Leaving out the pictures, return word for word the stretch of entries below from the line holding "Data literacy infographic" through the line holding "9-2. Tilpasning Funksjoner som kan tilpasse".

Data:
_ _ _ _

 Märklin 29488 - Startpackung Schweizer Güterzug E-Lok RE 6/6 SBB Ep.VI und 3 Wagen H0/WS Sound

_ _ _ _

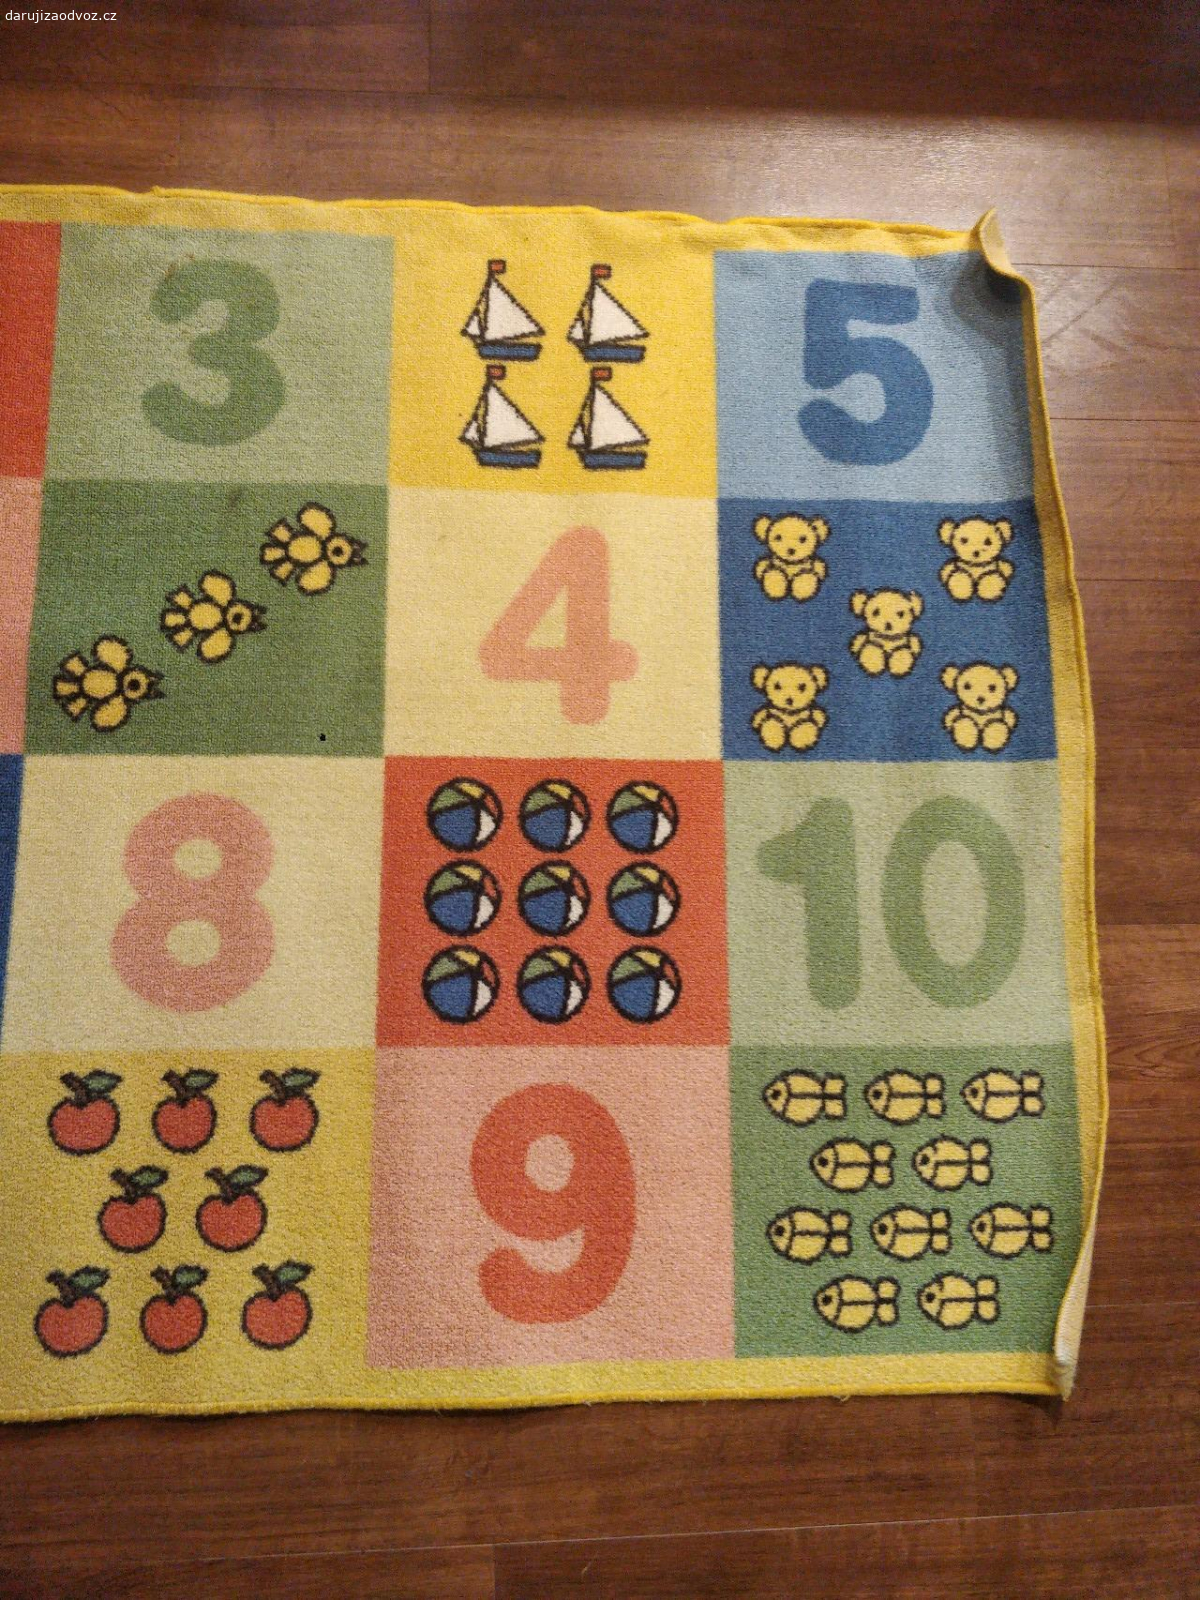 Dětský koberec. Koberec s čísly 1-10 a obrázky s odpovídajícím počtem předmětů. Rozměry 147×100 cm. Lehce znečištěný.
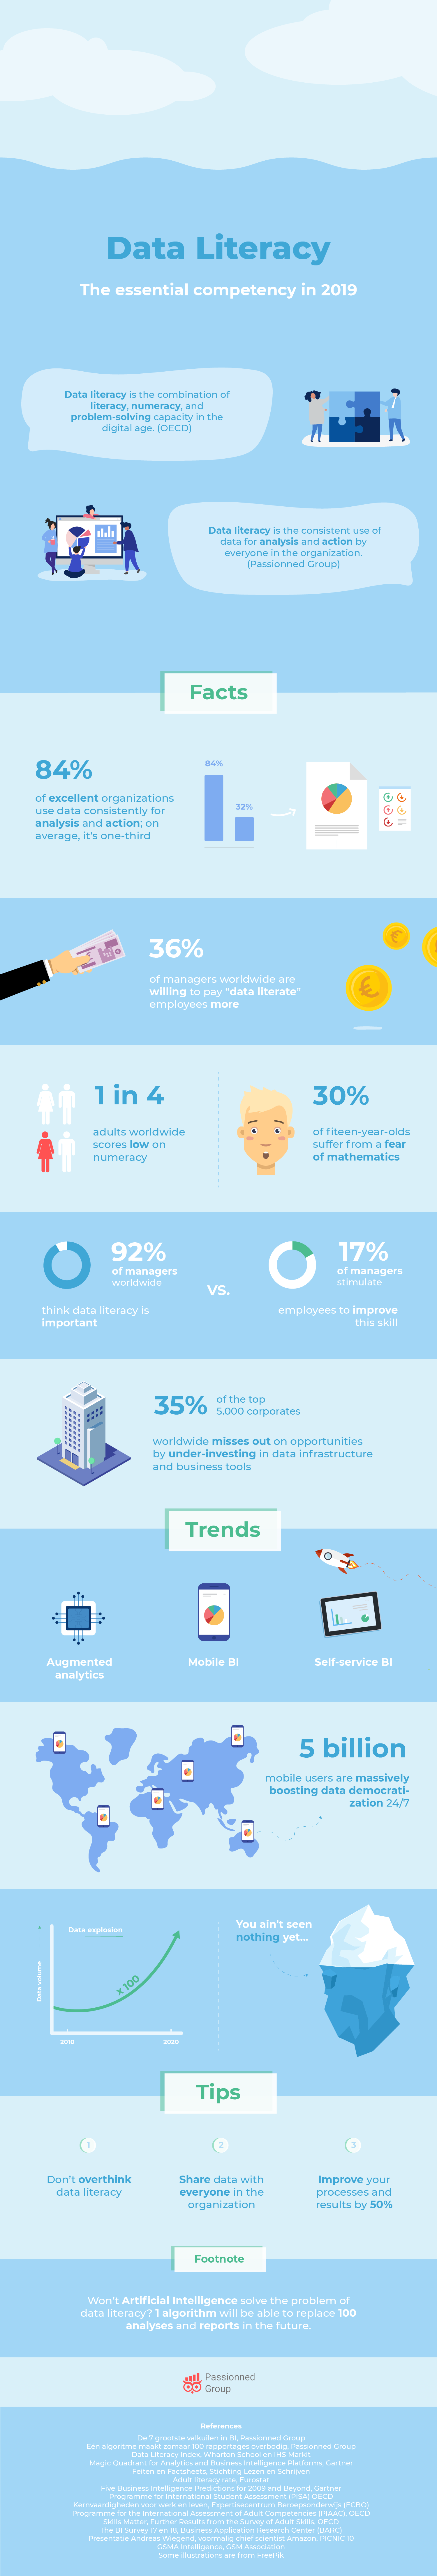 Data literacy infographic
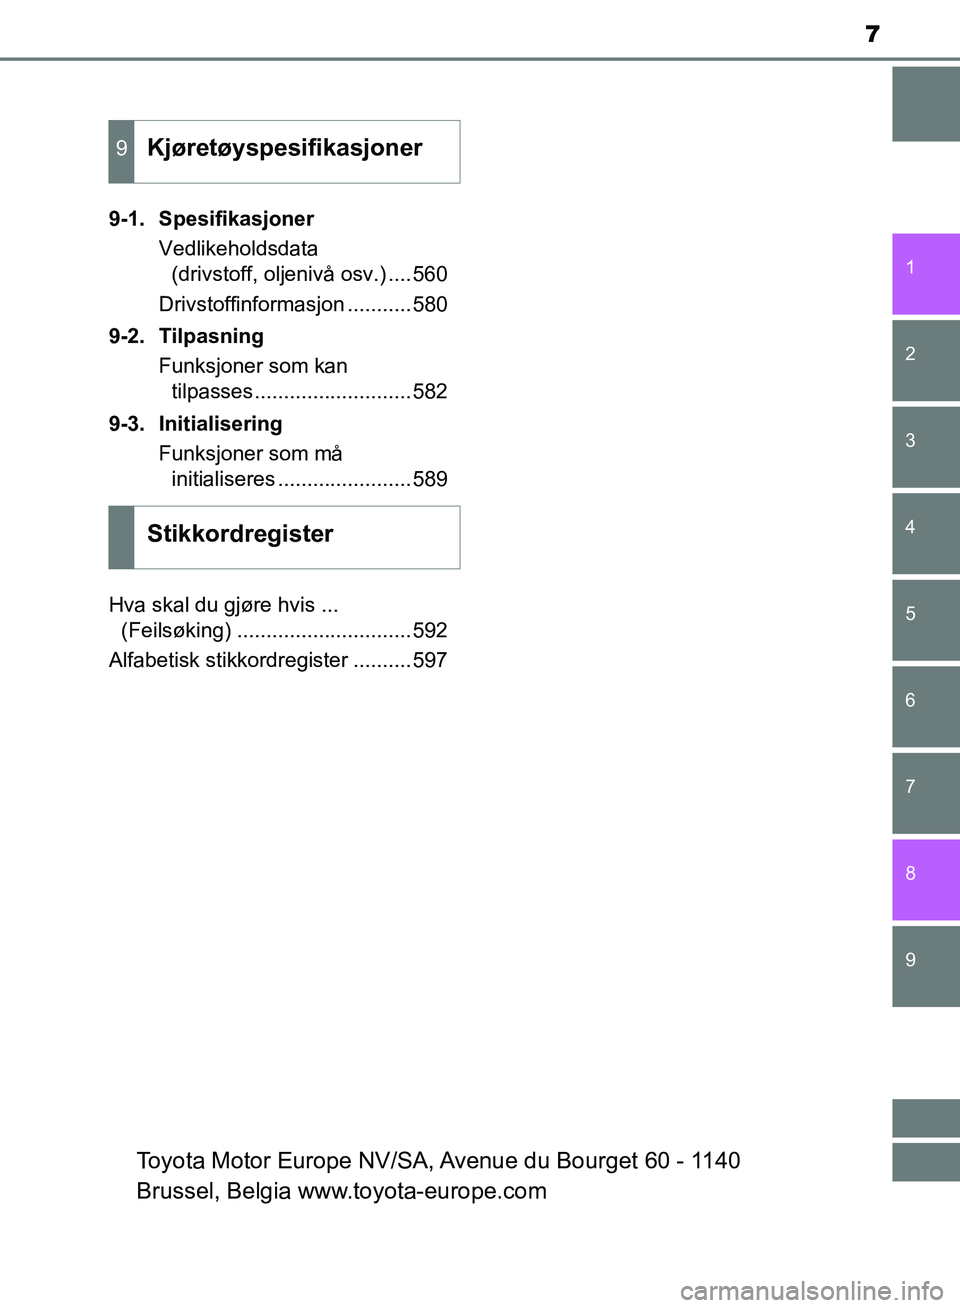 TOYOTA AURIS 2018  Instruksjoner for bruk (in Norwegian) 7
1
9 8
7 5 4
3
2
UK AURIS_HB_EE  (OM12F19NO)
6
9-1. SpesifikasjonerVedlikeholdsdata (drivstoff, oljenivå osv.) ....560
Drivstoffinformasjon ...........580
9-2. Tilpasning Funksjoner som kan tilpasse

_ _ _ _

Problem solution:
 Data literacy infographic
 TOYOTA AURIS 2018  Instruksjoner for bruk (in Norwegian) 7
1
9 8
7 5 4
3
2
UK AURIS_HB_EE  (OM12F19NO)
6
9-1. SpesifikasjonerVedlikeholdsdata (drivstoff, oljenivå osv.) ....560
Drivstoffinformasjon ...........580
9-2. Tilpasning Funksjoner som kan tilpasse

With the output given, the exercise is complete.